• **WHAT YOU SHOULD DO**: What lines of the material hold the string "Pink"? Pull each of them out.

(Beginning of DATA TO PROCESS)

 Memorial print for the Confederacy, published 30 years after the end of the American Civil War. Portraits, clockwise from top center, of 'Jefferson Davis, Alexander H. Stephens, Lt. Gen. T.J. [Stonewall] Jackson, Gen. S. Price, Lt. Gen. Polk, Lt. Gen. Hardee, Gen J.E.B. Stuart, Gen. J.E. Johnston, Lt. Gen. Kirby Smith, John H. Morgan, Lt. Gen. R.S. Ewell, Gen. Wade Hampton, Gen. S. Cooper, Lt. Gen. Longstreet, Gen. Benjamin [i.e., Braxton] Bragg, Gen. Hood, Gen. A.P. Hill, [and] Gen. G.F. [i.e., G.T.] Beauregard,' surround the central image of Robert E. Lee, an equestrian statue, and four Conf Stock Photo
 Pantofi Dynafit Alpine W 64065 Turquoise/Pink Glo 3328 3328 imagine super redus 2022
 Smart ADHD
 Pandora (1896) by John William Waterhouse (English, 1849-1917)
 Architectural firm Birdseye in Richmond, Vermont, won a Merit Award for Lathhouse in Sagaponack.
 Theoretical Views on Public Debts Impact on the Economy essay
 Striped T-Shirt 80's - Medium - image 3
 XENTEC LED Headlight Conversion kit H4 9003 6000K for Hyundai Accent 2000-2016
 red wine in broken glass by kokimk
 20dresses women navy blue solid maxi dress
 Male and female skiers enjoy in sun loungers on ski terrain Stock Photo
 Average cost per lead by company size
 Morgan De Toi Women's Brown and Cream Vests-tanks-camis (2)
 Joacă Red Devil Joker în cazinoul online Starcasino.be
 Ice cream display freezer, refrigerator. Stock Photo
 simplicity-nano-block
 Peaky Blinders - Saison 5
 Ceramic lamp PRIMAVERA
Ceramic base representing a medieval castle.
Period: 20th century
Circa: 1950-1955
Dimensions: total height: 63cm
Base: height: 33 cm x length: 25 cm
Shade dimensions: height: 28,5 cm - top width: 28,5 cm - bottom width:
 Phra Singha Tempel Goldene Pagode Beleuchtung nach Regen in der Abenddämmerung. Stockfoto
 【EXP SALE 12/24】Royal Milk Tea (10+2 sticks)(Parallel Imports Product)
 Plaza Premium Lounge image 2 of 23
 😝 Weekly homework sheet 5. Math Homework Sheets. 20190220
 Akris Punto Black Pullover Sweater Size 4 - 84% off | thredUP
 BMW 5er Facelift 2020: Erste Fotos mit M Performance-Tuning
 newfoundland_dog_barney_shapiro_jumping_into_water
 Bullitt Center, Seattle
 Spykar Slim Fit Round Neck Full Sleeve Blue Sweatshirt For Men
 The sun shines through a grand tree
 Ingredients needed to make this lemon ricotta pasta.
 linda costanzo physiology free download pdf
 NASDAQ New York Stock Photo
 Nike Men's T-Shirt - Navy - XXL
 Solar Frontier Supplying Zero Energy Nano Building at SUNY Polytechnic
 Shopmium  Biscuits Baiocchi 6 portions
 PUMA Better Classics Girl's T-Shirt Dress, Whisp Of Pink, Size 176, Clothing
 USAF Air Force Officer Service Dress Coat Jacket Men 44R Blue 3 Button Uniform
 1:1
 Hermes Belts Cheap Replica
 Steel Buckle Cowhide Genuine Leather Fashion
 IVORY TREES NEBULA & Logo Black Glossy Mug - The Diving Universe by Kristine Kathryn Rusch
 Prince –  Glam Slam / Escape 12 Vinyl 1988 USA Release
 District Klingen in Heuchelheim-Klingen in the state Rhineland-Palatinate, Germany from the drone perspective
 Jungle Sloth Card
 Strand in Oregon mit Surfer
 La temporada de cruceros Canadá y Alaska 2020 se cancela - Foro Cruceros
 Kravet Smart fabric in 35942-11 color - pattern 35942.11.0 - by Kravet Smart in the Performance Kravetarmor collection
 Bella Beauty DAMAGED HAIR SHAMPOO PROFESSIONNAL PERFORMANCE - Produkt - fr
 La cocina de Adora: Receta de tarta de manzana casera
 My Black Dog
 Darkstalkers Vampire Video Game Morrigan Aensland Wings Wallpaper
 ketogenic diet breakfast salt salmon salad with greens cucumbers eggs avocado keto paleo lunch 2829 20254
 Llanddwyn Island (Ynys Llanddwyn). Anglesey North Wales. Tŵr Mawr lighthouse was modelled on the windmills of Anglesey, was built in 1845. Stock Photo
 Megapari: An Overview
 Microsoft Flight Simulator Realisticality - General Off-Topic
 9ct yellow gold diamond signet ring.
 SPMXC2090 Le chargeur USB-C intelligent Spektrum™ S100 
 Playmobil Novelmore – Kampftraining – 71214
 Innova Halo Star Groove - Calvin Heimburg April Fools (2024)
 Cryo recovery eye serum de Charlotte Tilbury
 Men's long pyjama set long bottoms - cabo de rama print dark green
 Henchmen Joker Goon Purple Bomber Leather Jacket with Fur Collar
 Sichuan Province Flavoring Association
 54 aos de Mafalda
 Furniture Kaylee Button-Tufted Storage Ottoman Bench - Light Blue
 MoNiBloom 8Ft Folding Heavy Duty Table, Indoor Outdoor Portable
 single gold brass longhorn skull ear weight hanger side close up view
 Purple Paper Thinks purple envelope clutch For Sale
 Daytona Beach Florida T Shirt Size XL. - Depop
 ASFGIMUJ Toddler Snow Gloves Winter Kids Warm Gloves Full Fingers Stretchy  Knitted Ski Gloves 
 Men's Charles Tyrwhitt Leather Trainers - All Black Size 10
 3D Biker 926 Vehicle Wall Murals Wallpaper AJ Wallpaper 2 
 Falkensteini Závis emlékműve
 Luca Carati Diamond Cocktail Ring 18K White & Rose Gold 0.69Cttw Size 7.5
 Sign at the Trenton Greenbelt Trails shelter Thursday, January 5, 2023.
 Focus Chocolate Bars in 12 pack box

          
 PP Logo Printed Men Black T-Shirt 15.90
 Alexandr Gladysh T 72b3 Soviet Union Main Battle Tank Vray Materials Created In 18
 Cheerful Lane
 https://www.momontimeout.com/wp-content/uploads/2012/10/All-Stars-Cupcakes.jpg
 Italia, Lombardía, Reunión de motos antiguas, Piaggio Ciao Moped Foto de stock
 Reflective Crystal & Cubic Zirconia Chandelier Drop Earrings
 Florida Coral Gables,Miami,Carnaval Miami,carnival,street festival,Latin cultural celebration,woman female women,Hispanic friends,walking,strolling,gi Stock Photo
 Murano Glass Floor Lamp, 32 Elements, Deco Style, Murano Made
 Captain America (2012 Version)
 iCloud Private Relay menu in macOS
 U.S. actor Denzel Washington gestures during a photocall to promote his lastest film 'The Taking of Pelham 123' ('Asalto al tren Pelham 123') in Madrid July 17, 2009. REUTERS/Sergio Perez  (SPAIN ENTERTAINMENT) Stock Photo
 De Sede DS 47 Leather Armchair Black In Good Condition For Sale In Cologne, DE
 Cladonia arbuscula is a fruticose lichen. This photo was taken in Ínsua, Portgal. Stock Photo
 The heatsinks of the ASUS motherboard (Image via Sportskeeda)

(End of DATA TO PROCESS)

• **EXERCISE ANSWER**:
 Pantofi Dynafit Alpine W 64065 Turquoise/Pink Glo 3328 3328 imagine super redus 2022
 PUMA Better Classics Girl's T-Shirt Dress, Whisp Of Pink, Size 176, Clothing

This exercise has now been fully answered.